В лесу снова стало тихо, и я услышал, как чирикает среди ветвей какая-то птичка.
Справа от валуна, у которого я отрыл ячейку, стояла молодая сосенка. Концы ее ветвей были красны, будто обрызганы свежей кровью. Они пахли смолой так, что запах этот ощущался за несколько шагов. Мне захотелось подойти к дереву и встряхнуть его так, чтобы красноватая пыльца рассеялась в воздухе. Помню, я в детстве встряхивал цветущие сосенки и сквозь облако пыльцы смотрел на солнце — оно тогда казалось розоватым. Но сейчас никак нельзя высунуться из окопчика, нельзя даже пошевелиться, чтобы не привлечь внимание притаившегося невдалеке противника.

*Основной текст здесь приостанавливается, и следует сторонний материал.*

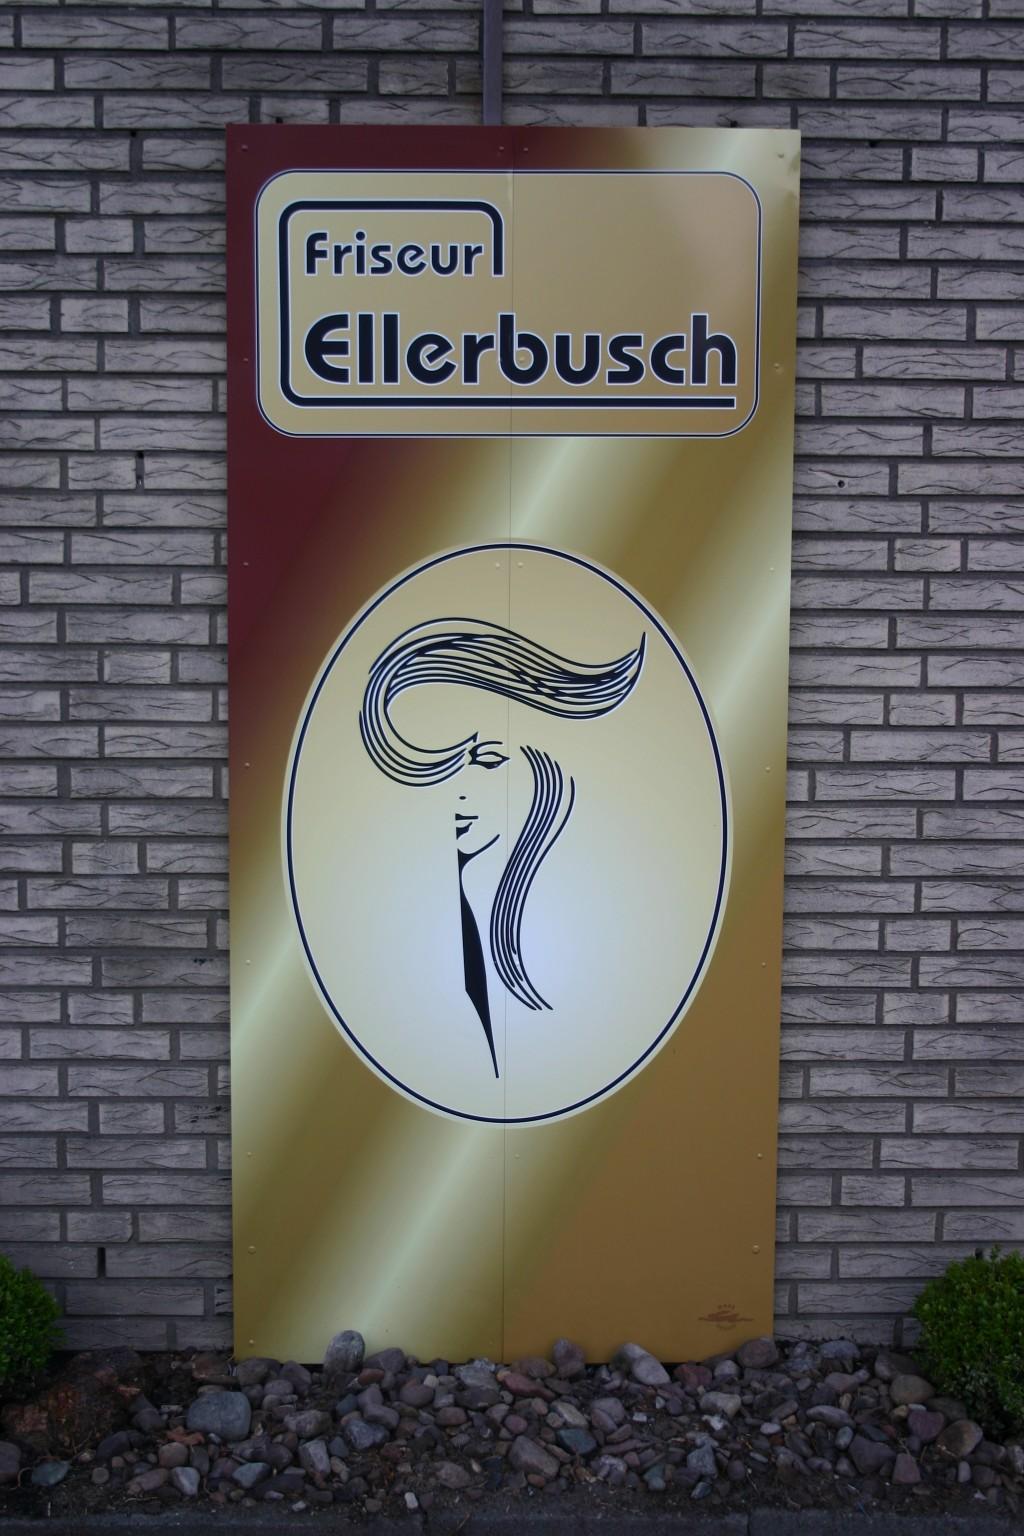 Friseur-Ellerbusch-1

Иван Иванович с белой повязкой на голове кричал изо всех сил:
— Что ж вы там, черти? Идите в атаку! Не залеживайтесь, а уж потом и перерыв устроим. На перекурку!
Ему вторил Ниеми.
Финские мины шлепались совсем рядом, обдавая нас мелкими камешками, землей и кусочками дерна.
Егеря падали наземь, маскируясь, таясь между кустиками и стволами, прячась за камни. Я разглядел одного метрах в тридцати от меня. Он полз, прижимаясь к земле, но я видел, как двигались его лопатки под серой тужуркой. Тут началась стрельба уже не залпами, а одиночными выстрелами.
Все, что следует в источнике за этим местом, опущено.